On December 6, 1995, His Grace Bishop Antonio Chedraoul of Mexico, Venezuela, Central America, and the Caribbean, of the Patriarchate of Antioch, formally brought Orthodox Christianity to Guatemala with the recognition of the monastery with its three nuns and twenty-five parishioners under the leadership of Mother Inés.

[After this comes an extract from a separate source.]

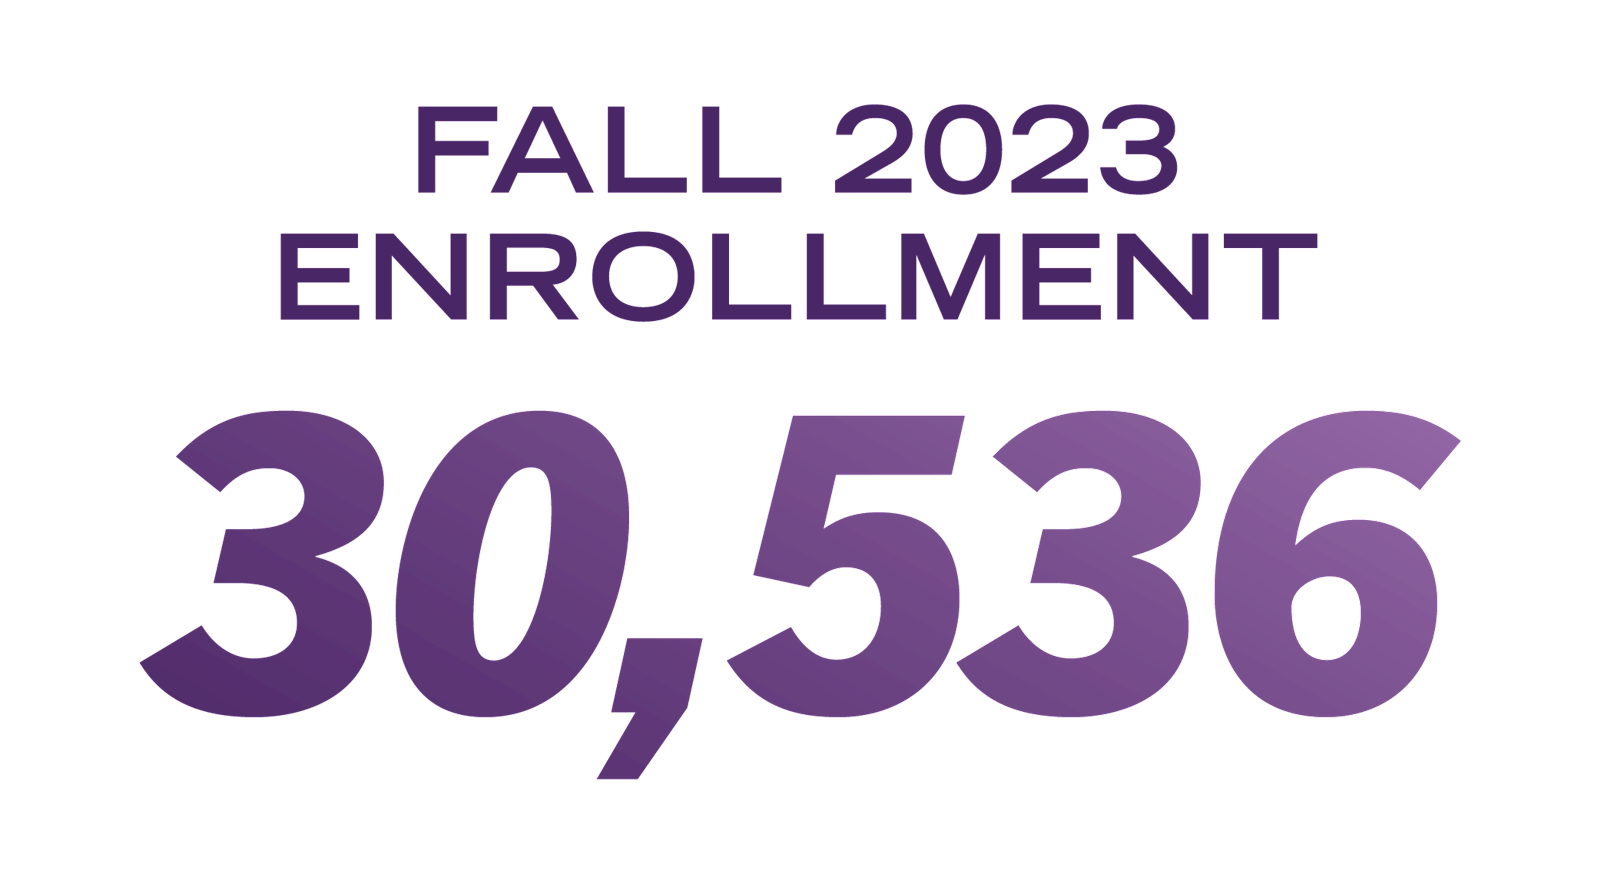 Fall 2023 student enrollment: 30,536

Over the following years the monastery grew, adding buildings to the land donated by Federico Bauer. On November 8, 2007, an assemblage of clergy and nuns, led by Archbishop Antonio, came to Guatemala on the occasion of consecrating the church (Iglesia católica apostólica orthodoxa de Guatemala) at the monastery.
Orphanage
In 1996, the government of Guatemala gave the monastery control of the Hogar Rafael Ayau Orphanage in Guatemala City. The orphanage was originally founded in 1857 by Rafael Ayau, an ancestor (great-great-grandfather) of Mother Inés. At its founding Don Rafael placed the management of the orphanage in the hands of monks from the charity organization "Caridad". In 1960, the government of Guatemala took control of the orphanage and deported the monks. Under government control, the orphanage deteriorated until in 1996 President Álvaro Arsu took action and turned over control of the orphanage to the nuns of Holy Trinity Monastery, an action that probably no one else in Guatemala would have made.
Since 1996, the House of Rafael Ayau has provided shelter and education to the high-school level to children from newborn babies to adolescents of sixteen years of age, imbued with basic Orthodox concepts. In February 1997, the Church of the Transfiguration of the Lord was blessed in the orphanage building. As a priest has not been assigned to the church in the orphanage, services, led by a reader, are routinely held supported by two children's choirs that sing antiphonically. The orphanage is the oldest and largest in Guatemala. Throughout the Month of July 2013, the orphanage relocated from the troubled urban district to the countryside monastery campus.